П.Амнуэль

СТРАСТЬ ПО МАКЛЕНДЕРУ
(Опыт рецензии)

На прошлой неделе израильскому зрителю был представлен новый шедевр Голливуда - фильм режиссера Говарда Маклендера "Страсть". Рекламная компания продолжалась недолго - продюсеры полагали, что слухи окажутся  продуктивнее рекламы. Надо сказать, они не просчитались: ни в одной из тель-авивских синематек мне не удалось приобрести билета даже на неделю вперед. Не стану описывать, как мне все же удалось проникнуть в зал на последний сеанс и устроиться на приставном стуле. Уверен, что у каждого израильтянина на этот счет имеются свои уловки, которыми он не станет делиться. К тому же, я намерен писать рецензию, а не руководство для нарушителей. Собственно, наверняка этот опыт мало кому пригодится - когда "Страсть" схлынет (а это когда-нибудь произойдет), залы кинотеатров будут пустовать, как пустовали они всего месяц назад. До следующей "Страсти". Или "Убийства". Это неважно. Принцип найден, и кинематограф - на пороге возрождения.

Говорят, что "Страсть" уже выдвинута на "Оскара" 2029 года сразу по семи номинациям. Надо бы выдвинуть и по восьмой - главной,- но такой номинации просто еще нет в списке, что является несомненным упущением спонсоров. Могли бы и подсуетиться, поскольку наверняка предвидели, что произойдет с кинорынком, едва "Страсть" Маклендера выйдет на экраны.

Прежде чем перейти к анализу этой незаурядной, в своем роде, ленты, нужно сказать несколько слов об авторе. "Страсть" - его второй фильм, а первый -"Улыбка младенца"- был сделан в Израиле, откуда режиссер родом и где прожил тридцать два года.

Да, господа, Говард Маклендер - израильтянин, сабра, более того: еврей, поскольку мать его была еврейкой, и бабушка тоже, а отец, Майкл Маклендер, ирландец, и что из того? Наверняка это обстоятельство еще попадет в поле зрения прессы, хотя в наше просвещенное время считается дурным тоном рассуждать в печати о национальности героев дня. Говард Маклендер - особая статья, поскольку невозможно понять, как он пришел к "Страсти", если не разобраться в неудаче "Улыбки младенца".

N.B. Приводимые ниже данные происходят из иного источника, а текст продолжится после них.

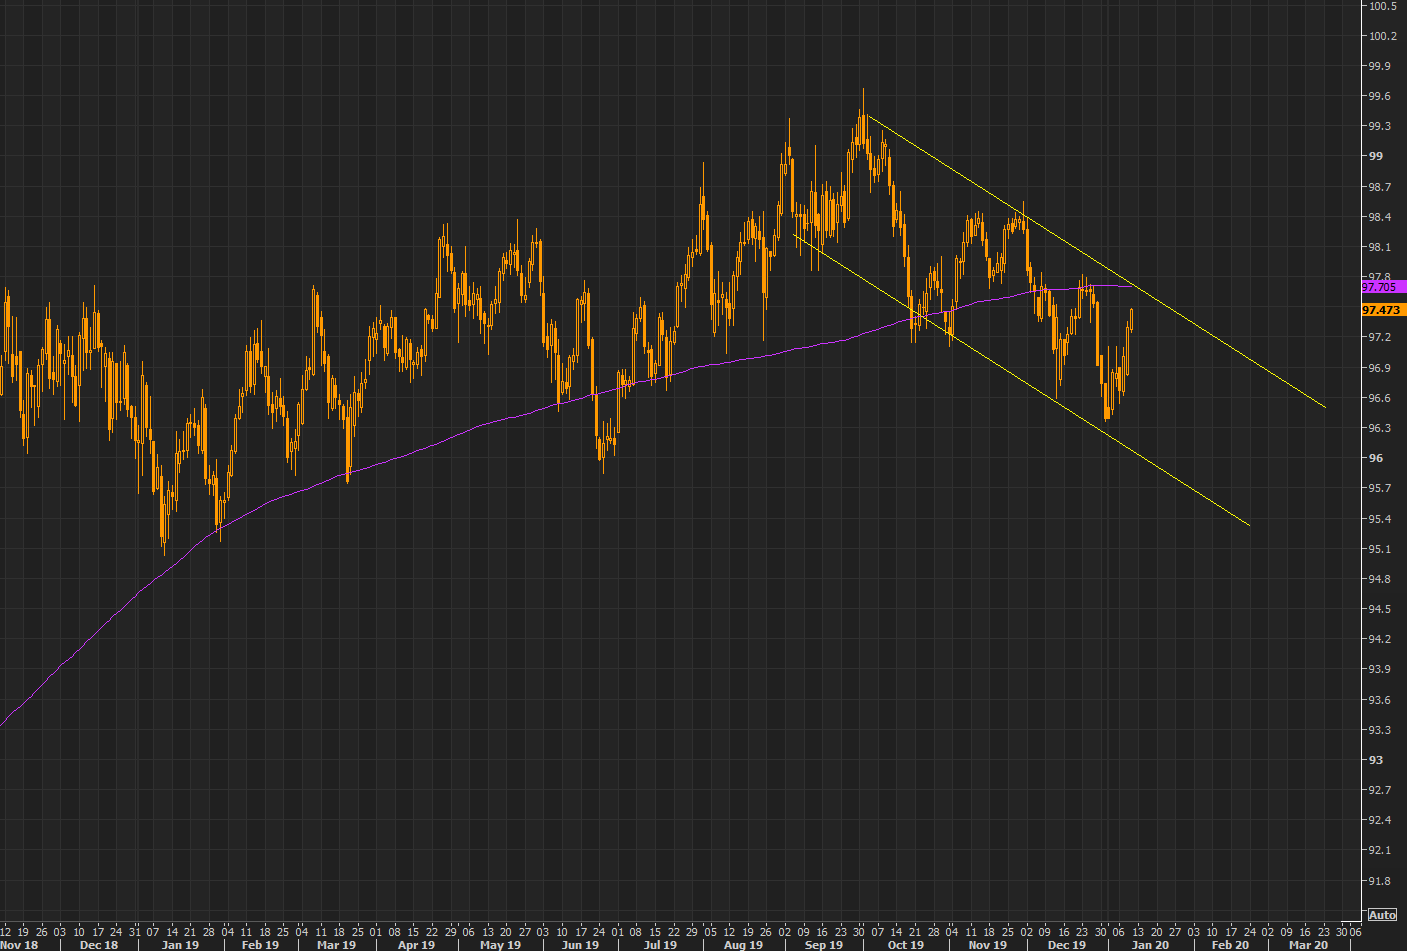 DXY - quickly approaching the upper part of the trend channel and the 200 day average

"Улыбка младенца" была, на мой взгляд, типичным израильским фильмом. Немного патриотизма (действие происходит на Голанах в 2009 году, последний израильтянин покидает высоты), небольшой налет религиозности (главный герой - любавический хасид, остающийся в Кацрине, занятом сирийцами, ждать прихода Мессии), некоторая сентиментальность (молодая арабка влюбляется в юношу и... ну что пересказывать сюжет фильма, который многие видели?). Фильм получился посредственным - посредственные актеры, убогая постановка, о сценарии и говорить не стоит. В прокате фильм провалился, и его, естественно, дважды показали по первой кабельной программе. Наверно, в назидание режиссерам.

Но Маклендер сделал из неудачи вывод, который никоим образом не диктовался логикой событий. Он решил, что зрители не сопереживают его героям исключительно потому, что кинематограф не обладает нужными средствами воздействия. Сценарий, актеры, режиссура - извечная кинотриада - оказывается, к делу не относятся. Техника виновата. Что сказать? У каждого свой взгляд на вещи.

Но не у каждого столько упорства, как у Говарда Маклендера.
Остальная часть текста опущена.